Я в панике оглядываюсь по сторонам, молясь, чтобы поблизости никто не притаился. Здесь пусто, но я знаю, что люди недалеко. Все, что ему нужно сделать, это повысить голос, и если никто в клубе нас не услышит, то вышибала точно заметит.
— Ленор, — снова говорит Солон, и на этот раз в его голосе звучит предупреждение.
Предупреждает меня о том, что мне не понравится.
Он так быстро движется позади Мэтта, который моргает, глядя на то место, где был Солон, гадая, куда он делся.
Но Солон сейчас стоит прямо за Мэттом.
Сильные руки сжимают его голову по обе стороны.
Я открываю рот, чтобы закричать, но Солон слишком быстр.
Он двигает руками с молниеносной скоростью и ломает шею Мэтту с громким хрустом, который наполняет двор.
Крик застревает у меня в горле.
Мертвый Мэтт падает на землю, его глаза смотрят в никуда.
ГЛАВА 24
Такое чувство, что я сплю несколько дней, но когда наконец открываю глаза, я в той же одежде, что и прошлой ночью. В черном платье с красными розами, грудь покрыта засохшей кровью.
Кровью Мэтта.
Закрываю глаза, меня охватывает ужас.
Я напала на него. Я укусила его, выпила его кровь. Подвергла риску себя и Солона. Я потеряла контроль над человечностью, над моралью, над моим путеводным компасом. Я потеряла все, вонзив зубы в его шею, и лишь для того, чтобы утолить жажду и выплеснуть на него свою ярость.

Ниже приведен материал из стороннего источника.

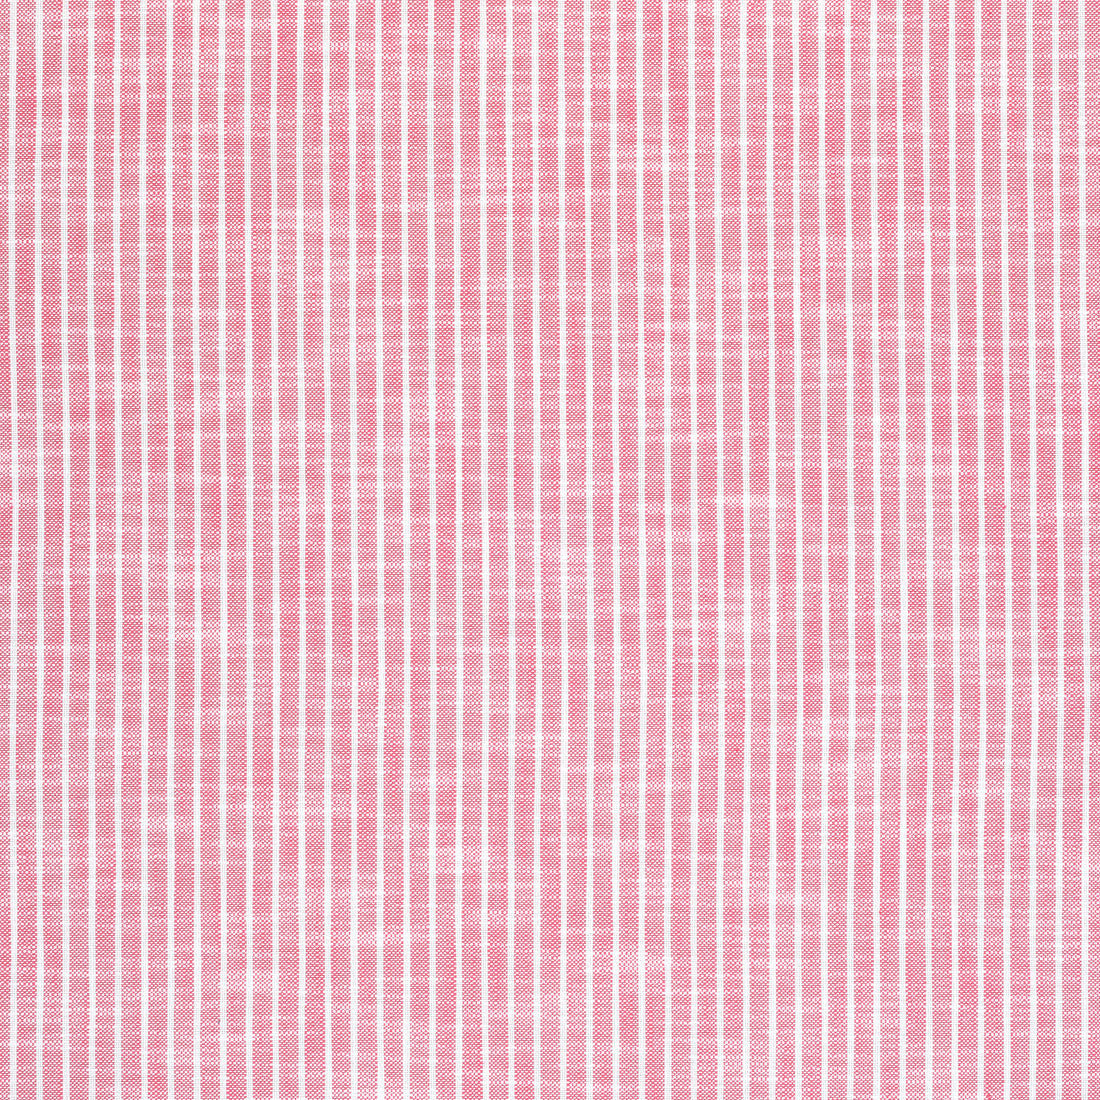 Bayside Stripe fabric in peony color - pattern number W73470 - by Thibaut in the Landmark collection

Теперь я понимаю убийства, которые совершают вампиры. Я понимаю, как легко потерять контроль и отдаться во власть. Кажется, что ты бог, думаешь, что тебя невозможно остановить. Думаешь, ты можешь пить кровь и устанавливать правила, потому что ты бессмертна.
Прошлой ночью та тьма, которую я ношу внутри себя, тьма, которая выходила поиграть всего несколько раз, заигрывая с хаосом, полностью проявилась. И превратилась в хаос, жаждущий крови, игнорирующий все во мне.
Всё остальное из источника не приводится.